I've not bothered trying to recover the format. If things are
mis-attributed, flame the people who are top posting.

Matthew Hagerty <mhagerty@voyager.net> types:
> Being written in assembly has nothing to do with what a program can
> do!  All programs, no matter what language they are written in are either
> compiled or interpreted down to "machine language" in order to be executed
> by the processor.

This is wrong. Interpreted programs aren't "interpreted down to
machine language". They may not even be "interpreted by machine
language", though at the bottom level that's what's going on. If the
distinction isn't clear to you, I'll be glad to explain further.

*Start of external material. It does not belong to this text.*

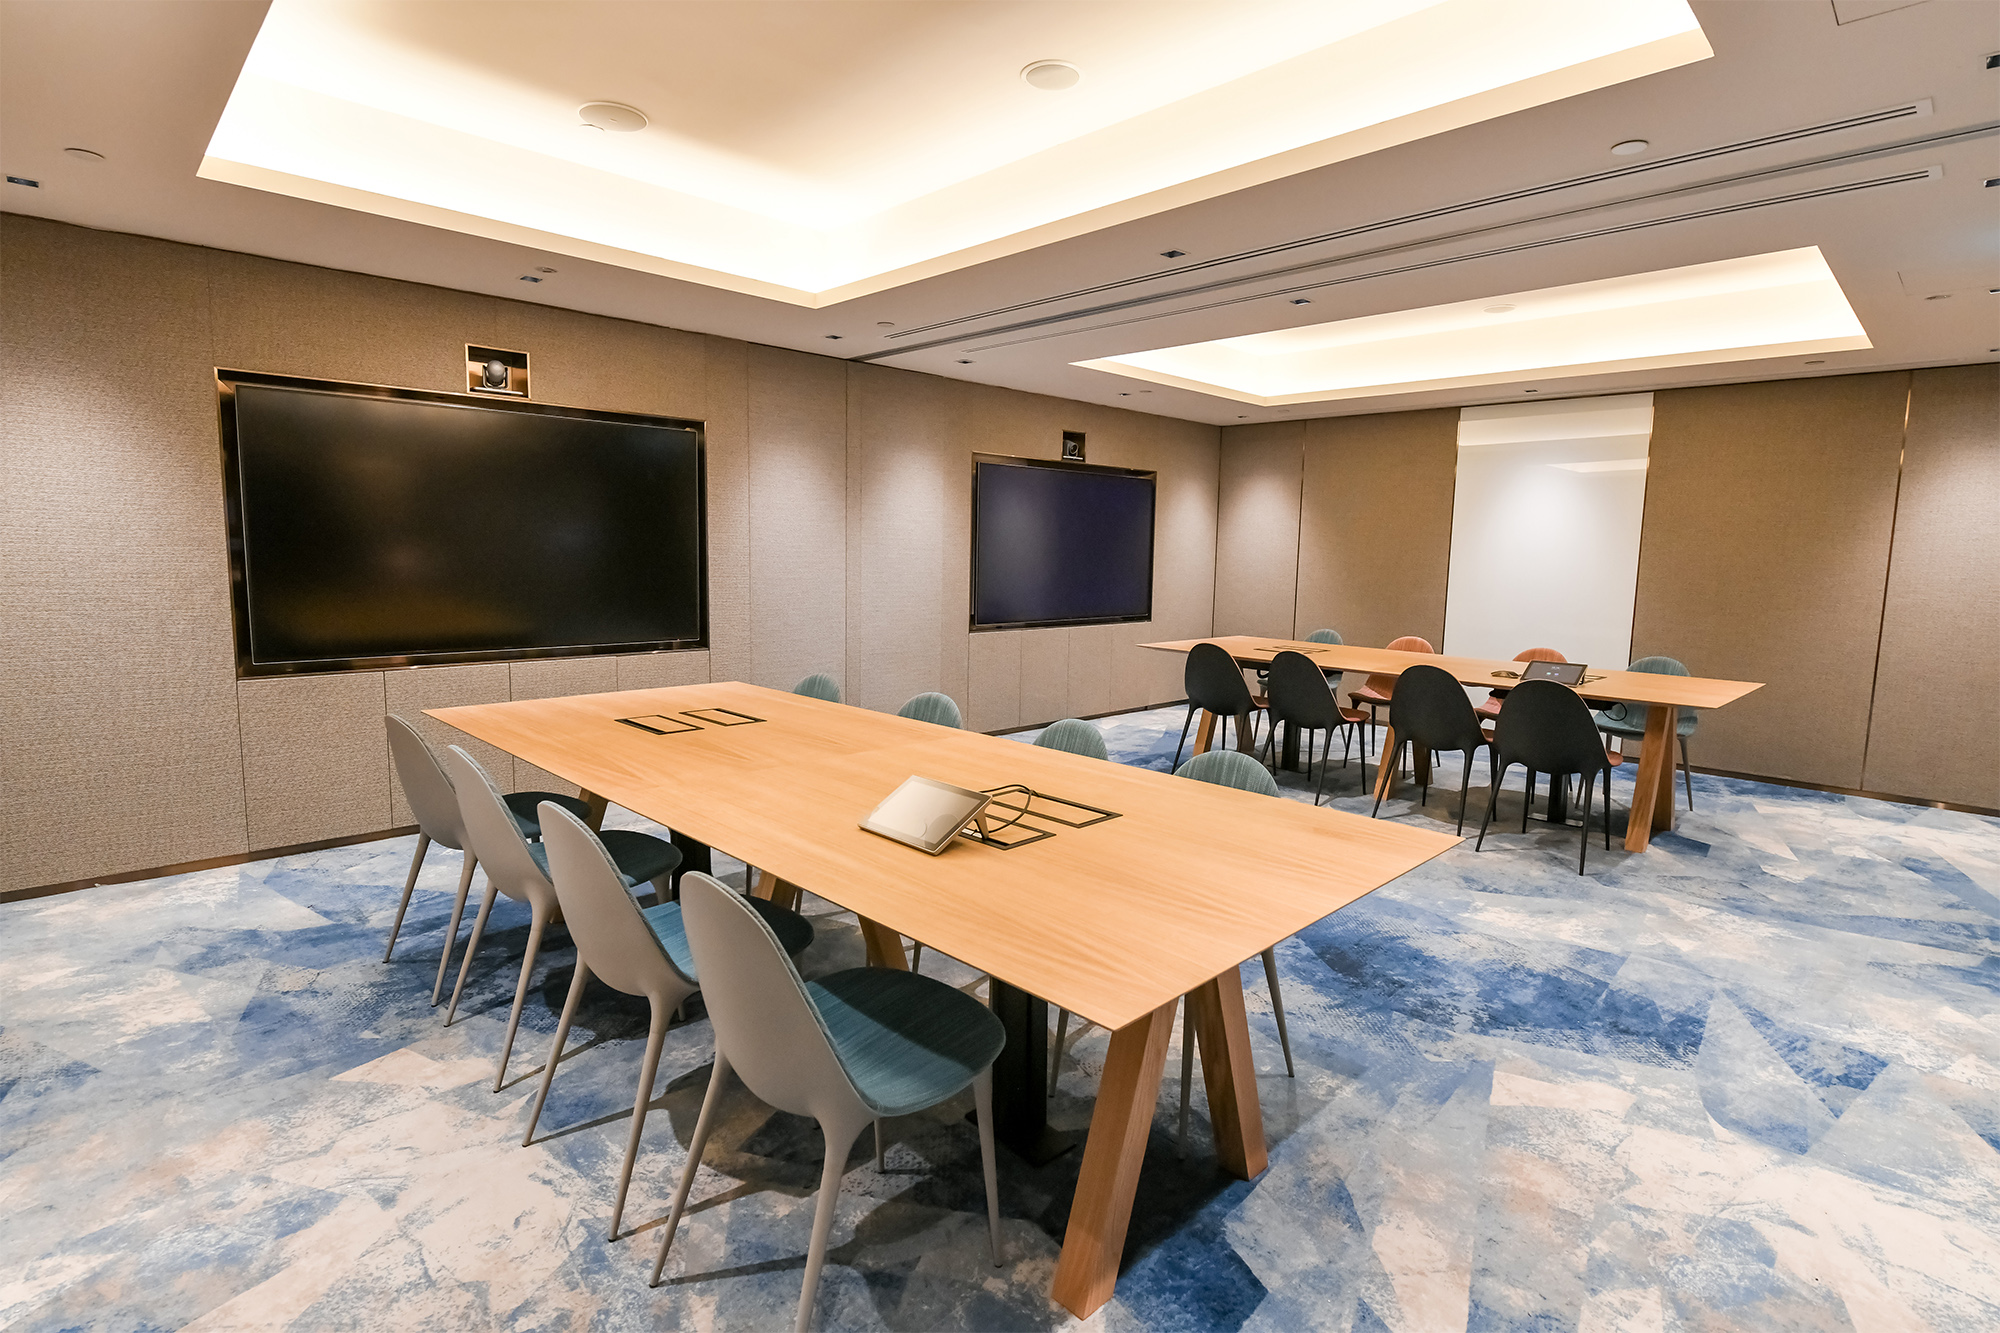 Meeting Room (Changi Airport Group).jpg

> At 07:01 PM 8/1/2001 -0400, you wrote:
> >Not entirely true.  A hacker group recently completed the winux virus
> >that is capable of infecting both the Linux and Windows OSs.  It is a
> >proof of concept virus, and IIRC, it is written entirely in assembly -
> >meaning that theoretically, it can infect pretty much any ix86 based
> >OS.

Also wrong, so much so that I'm not sure where to start. Writing in
x86 assembly means the thing won't run on anything but x86
machines. Accessing OS functions will keep it from executing on
anything that provide that OS's API. In compiled languages, those
functions are normally provided by library functions or compilers
stubs. It's possible to write code to detect which platform you're
running on and use the appropriate APIs. The code will fail on any OS
that doesn't provide any of those APIs. In the Winux case, it'll fail
on BeOS, Solaris, or BSD without Linux emulation.

The other issue is that systems with Unix-like protection, a virus can
only infect binaries that it has permission to write to. Unless it's
running as root, that means "not much". That's why root exploits are
such a big deal on Unix, and why logging in as root and running things
as root is discouraged.

	<mike
--
Mike Meyer <mwm@mired.org>			http://www.mired.org/home/mwm/
Independent WWW/Perforce/FreeBSD/Unix consultant, email for more information.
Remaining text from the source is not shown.